The backspace key on my computer has come off. I guess there really is no turning back and I must retire. 😊
Seriously, though, the computer is only two years old and I have to depreciate it over three years so I absolutely refuse to buy another one when this one isn’t fully depreciated. I’m a bit irritated as you can’t just purchase a replacement key either. Nope, I have to buy an entirely new keyboard. Or, I may need a new $2,500 computer altogether.
I’m not completely sure, but I think I may have retired. Or at least to that version of retired that I always anticipated where I work between 5-10 hours a week. It’s just enough to keep my brain engaged and truly earn a little pocket money and to help support the family. Honestly, we don’t need much more and the backspace failure feels like a sign. But of course, maybe I was looking for that kind of sign?
Today, it’s supposed to be 80 degrees, partly sunny and a perfect Sunday not to have to work on Monday. The good news for me? I don’t have to work on Monday this week. In fact, I have only an hour of billable work this week. The rest of the time? I will do some business development but I also plan on being a homemaker, wife and kitty mom… all jobs that give me immense satisfaction.

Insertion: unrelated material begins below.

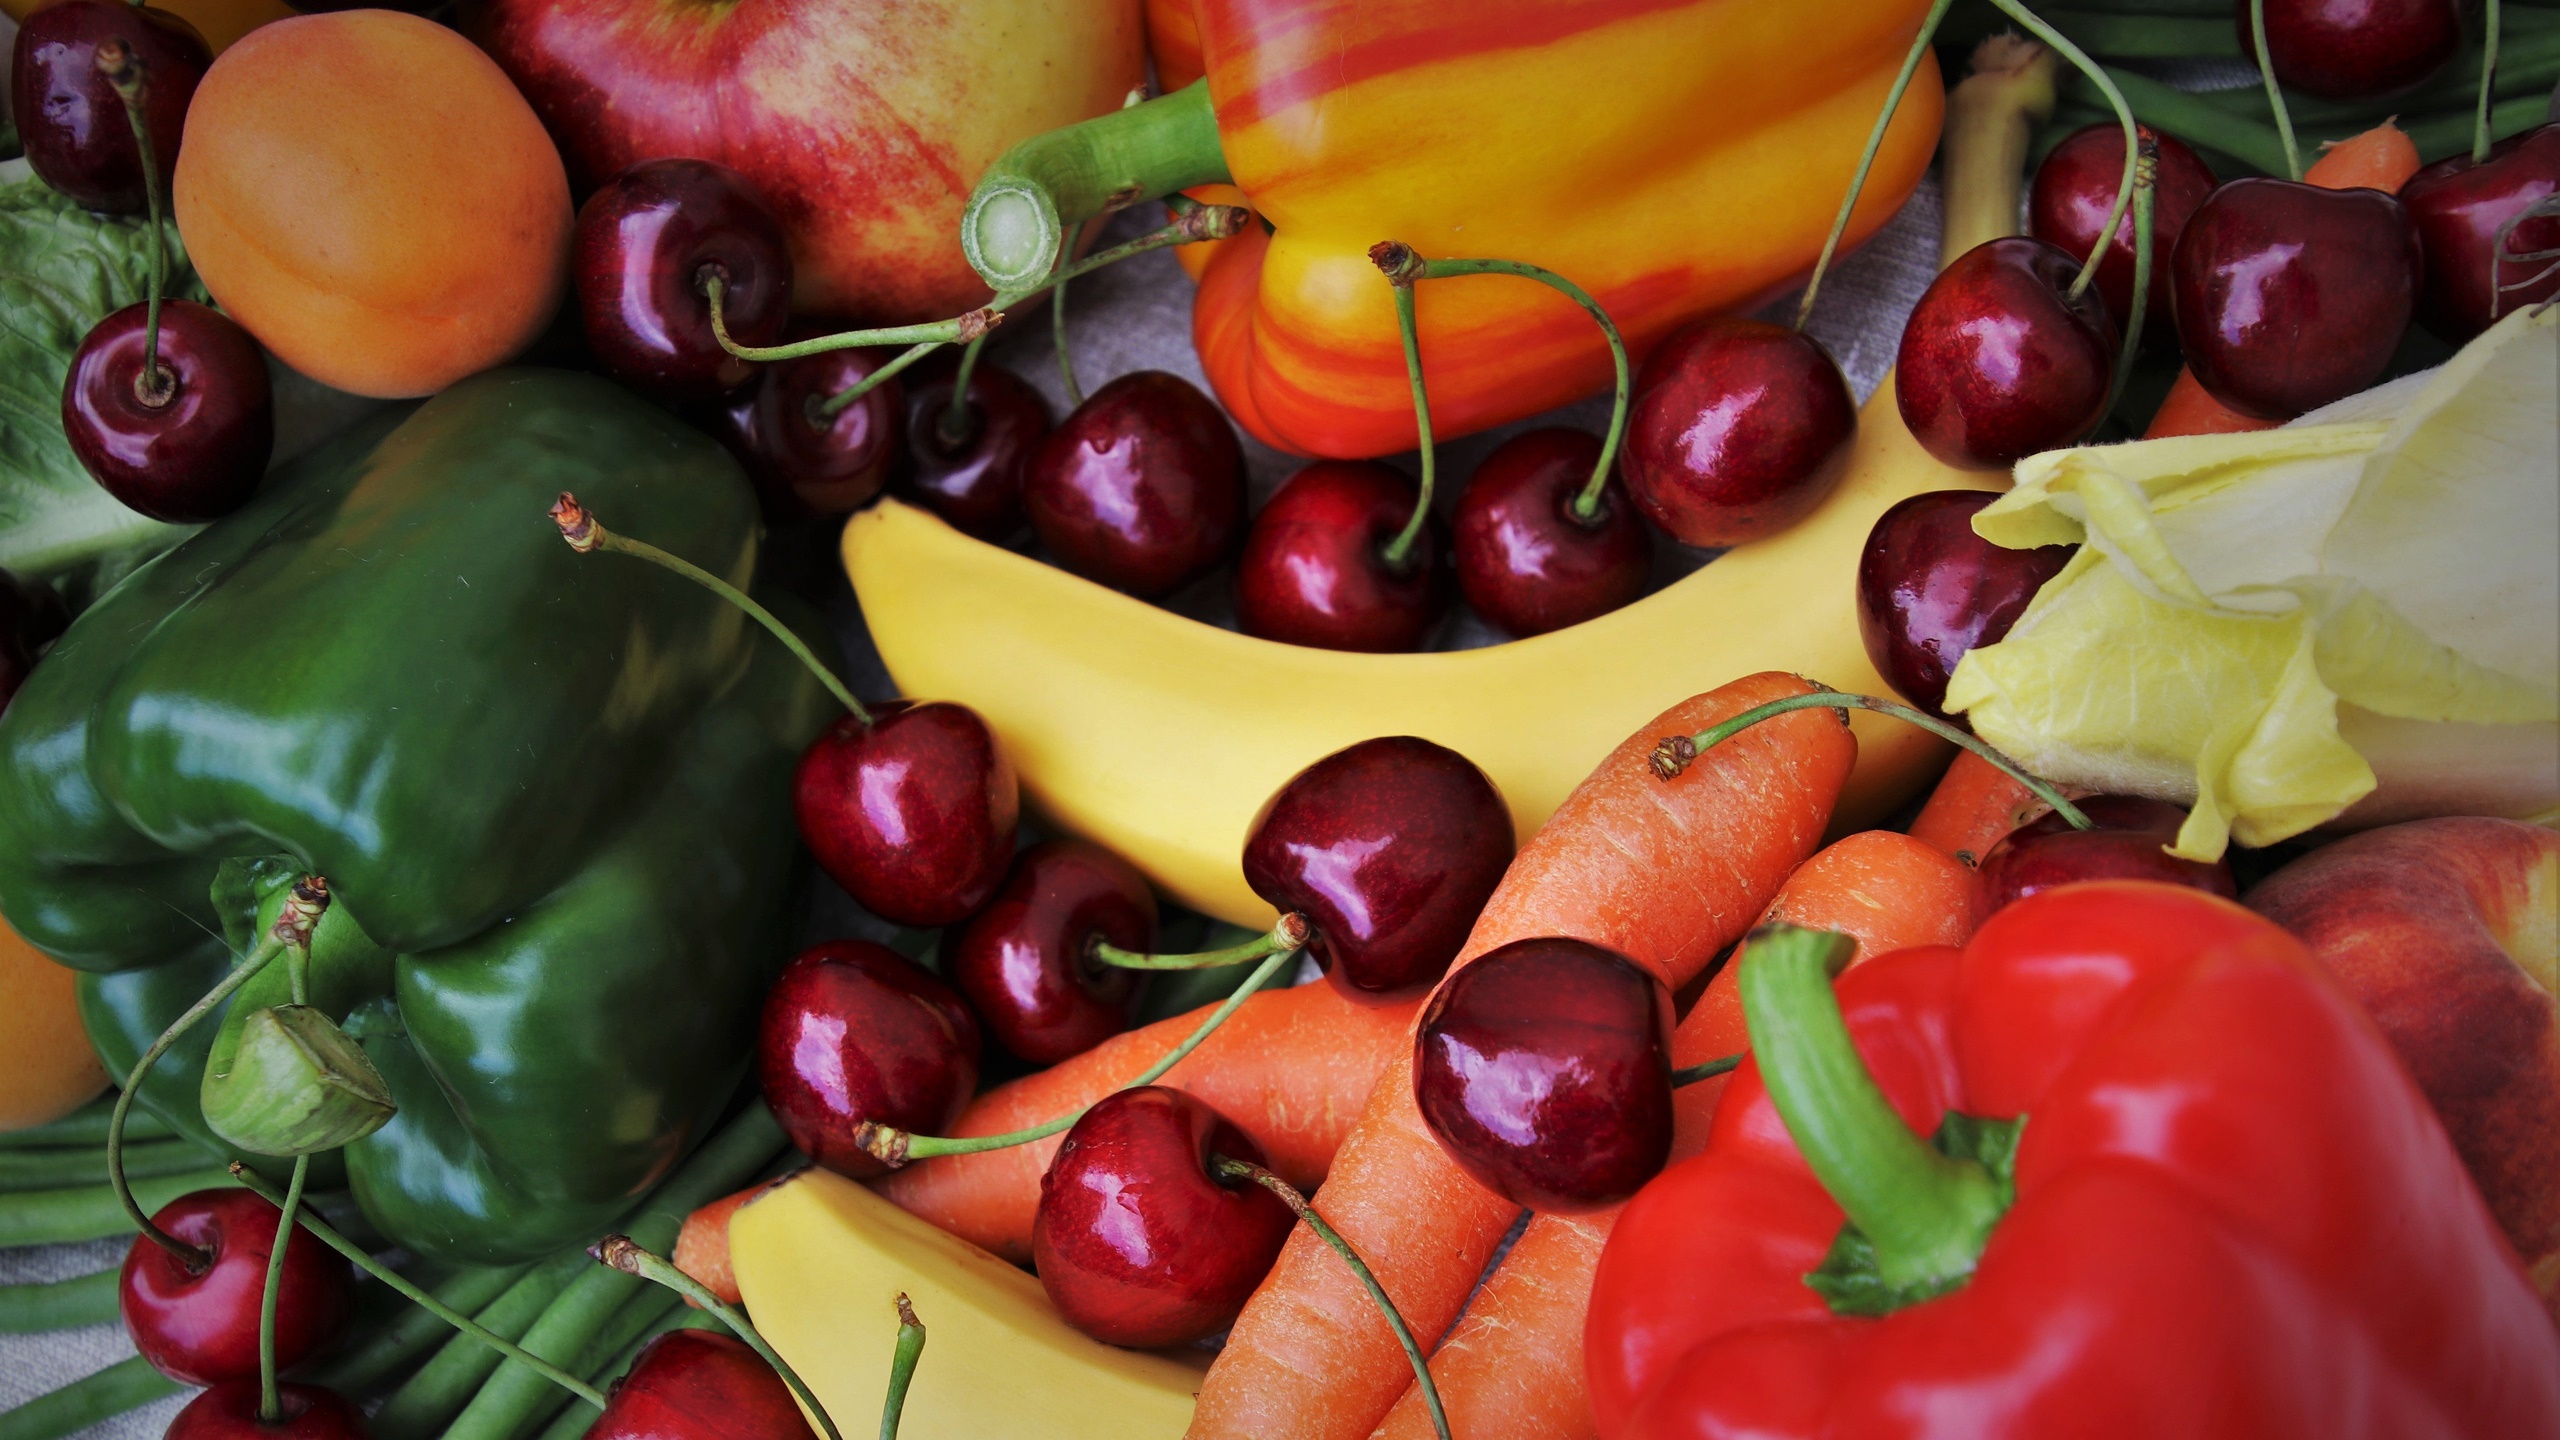 General 2560x1440 vegetables food fruit cherries apricots carrots bell peppers bananas apples lettuce peaches closeup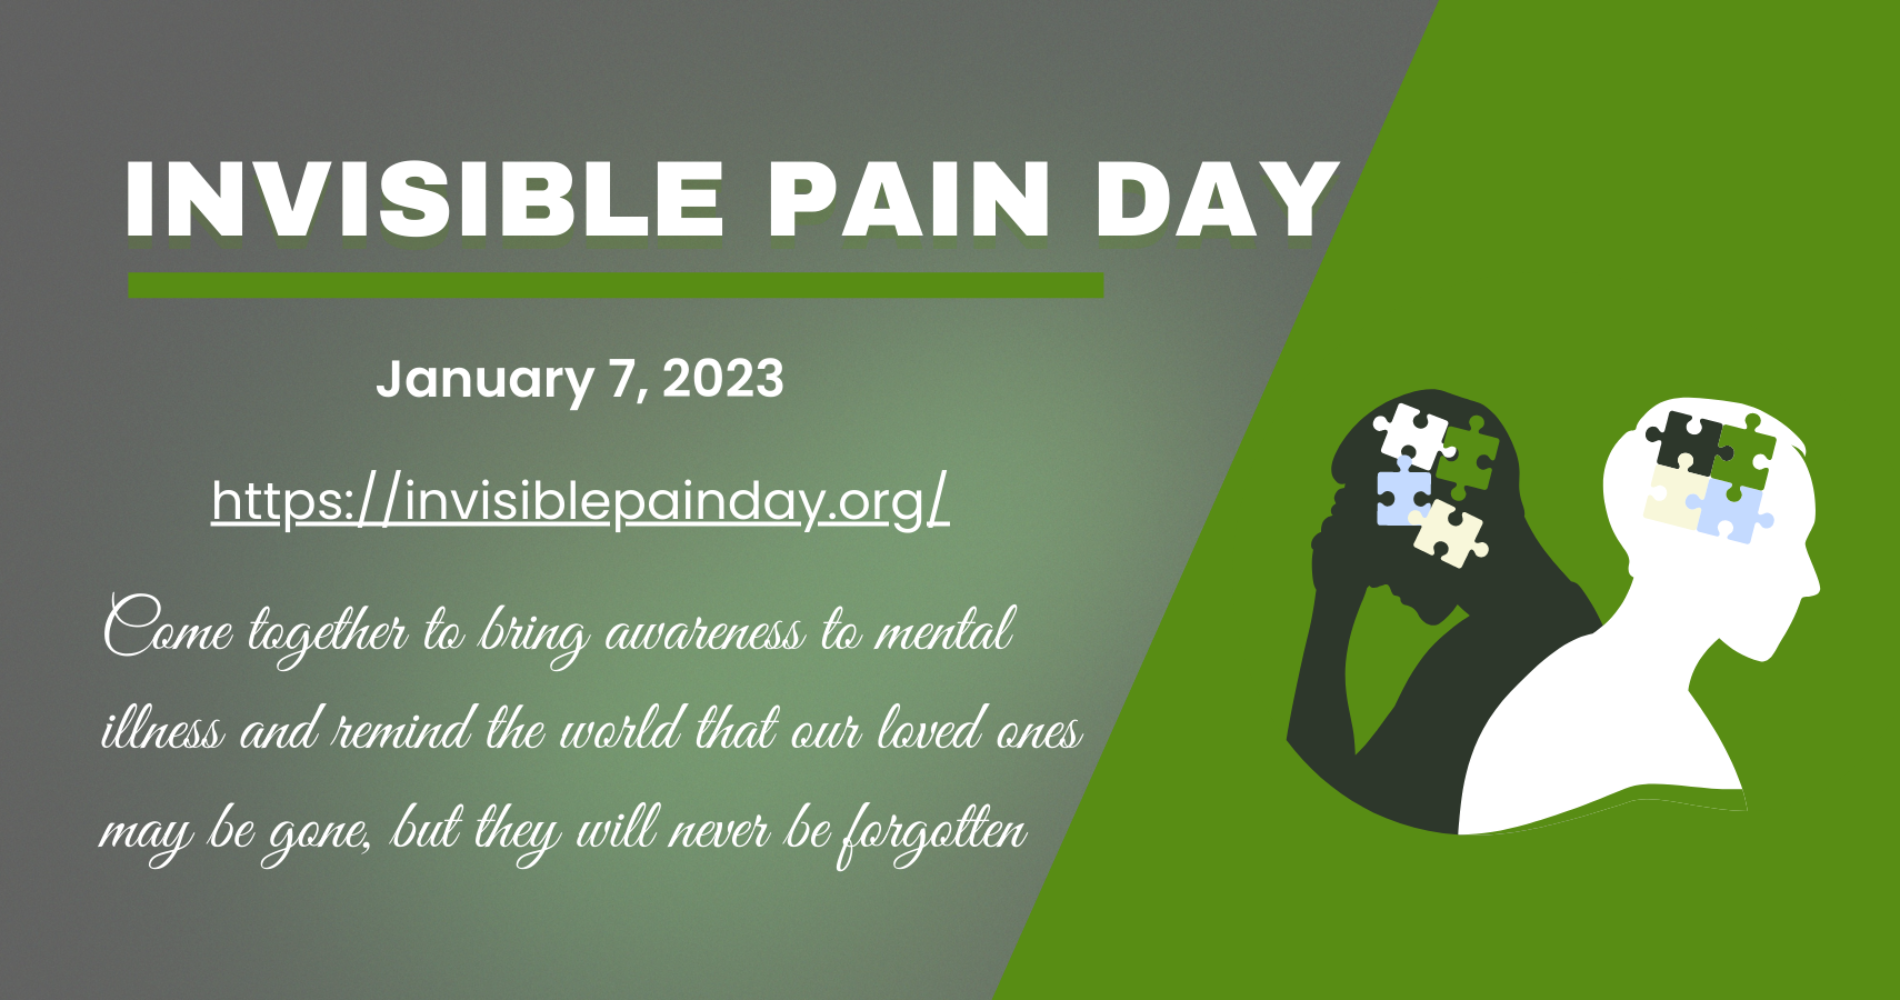 https://darrenmemorial.org/wp-content/uploads/2022/10/INVISIBLE-PAIN-DAY-4-1900x1000.png

Honestly, it feels like a good time to just sit back and see what unfolds with my professional career. If I get busy again, great, and I will definitely try. The extra money will help fund our lifestyle and possibly a three-stall garage. It would give me an immense amount of satisfaction to be able to do that for us. If I don’t get busy? Well, we officially don’t need the money and I can do a great job slowing down our lifestyle so that we can both enjoy our time outside of work.
Mostly, I have nothing left to prove. I genuinely think that’s part of why I am so laid back about the future. I’m proud of the work I’ve done as both a CEO and as a healthcare consultant. I’ve pushed myself, I’ve learned, I failed, I overcame, I achieved success. I have all of the t-shirts and all of the finisher medals. On that road race towards retirement, there comes a time when you have to be satisfied that enough was truly enough and I’m there. I don’t need to demonstrate anything more.
And then there’s the pivot towards home. There are still things for me to prove here. I am really invested in making this summer one of the best of our lives. I truly want us to see how we can live a better life when we are not overwhelmed by a to-do list. With little professional obligations and no renovations on tap, this is my chance to dig in, focus and make life good for us at home. And the list of what I want to achieve likely reads like something out of a 1950s housewife manual, but I don’t care.
We have a huge yard that requires quite a bit of mowing, hand-mowing and spin trimming. It takes at least 4.5-5 hours to do it right. I want to be able to do all of that so my husband – who does not enjoy mowing at all – doesn’t have to worry about it. I also want our garden to be hugely successful this year – after all of those years I resented bumper crops. That means doing all of the proper planting techniques including using the biodegradable corn plastic around the tomatoes to prevent rot, getting all of the drip line irrigation systems in to help keep everything watered and regular weeding. In the past, I’ve been ambivalent about the garden. This year, I’m enthusiastic and a good garden yield when my husband is also training to qualify for the Boston Marathon will be hugely satisfying for him and a clear indication of what we can do when I participate.
Inside, I’ve already got a great handle on cleaning, laundry, groceries and meal prep. There’s not a lot for me to do new there. Still, I can keep cleaning up things and organizing. For example, our bourbon collection has overflowed the small liquor cabinet we had. My goal is to create order from chaos when it comes to the bourbon by boxing up the unopened bourbon and taking it downstairs. Then, it’s taking some of the mundane tasks off of my husband’s plate. With daily litter box and water dish tasks, there are little things I can do to help alleviate any pressure on him.
Lastly, I really want to create the environment where we can enjoy our lives outside of work, including nearly every evening and weekend. That will be huge for both of us. Just last night, we were able to sit outside under our deck umbrella during a light sprinkle and enjoy a cocktail and some hors-d’oeuvres. Nothing fancy but relaxing. We had a fabulous time. My goal will be to create the opportunity for spontaneous evenings like last night to happen. That small campfire? It has to be built. That setup for stargazing? Someone has to get it ready. That’s me. I’m the someone.
Honestly, I’m so looking forward to this summer and the genuine opportunity we have to really see if this new life is sustainable. I’m enjoying the work as well. It feels good to do physical labor outside and the calm/quiet home is its own reward inside. It also feels good to be the kitty mom the furry ones deserve. Today, all four kitties got to go out on walkabout. Two had leashes and two used just the radio collar. But they all did so well. They are going to take a lot of mentoring – likely a whole summer’s worth – but I want to make time everyday for them to go out, get more comfortable and learn their own boundaries.
As I typed this, my backspace key fell off twice. This week, my goal is to get a replacement cord for my old laptop so that I can use that one while this one goes in for repair. I will, ultimately, replace the malfunctioning backspace key. But the symbolism it provides me? Hmmm… I’m thinking I’ll hang on to it for awhile.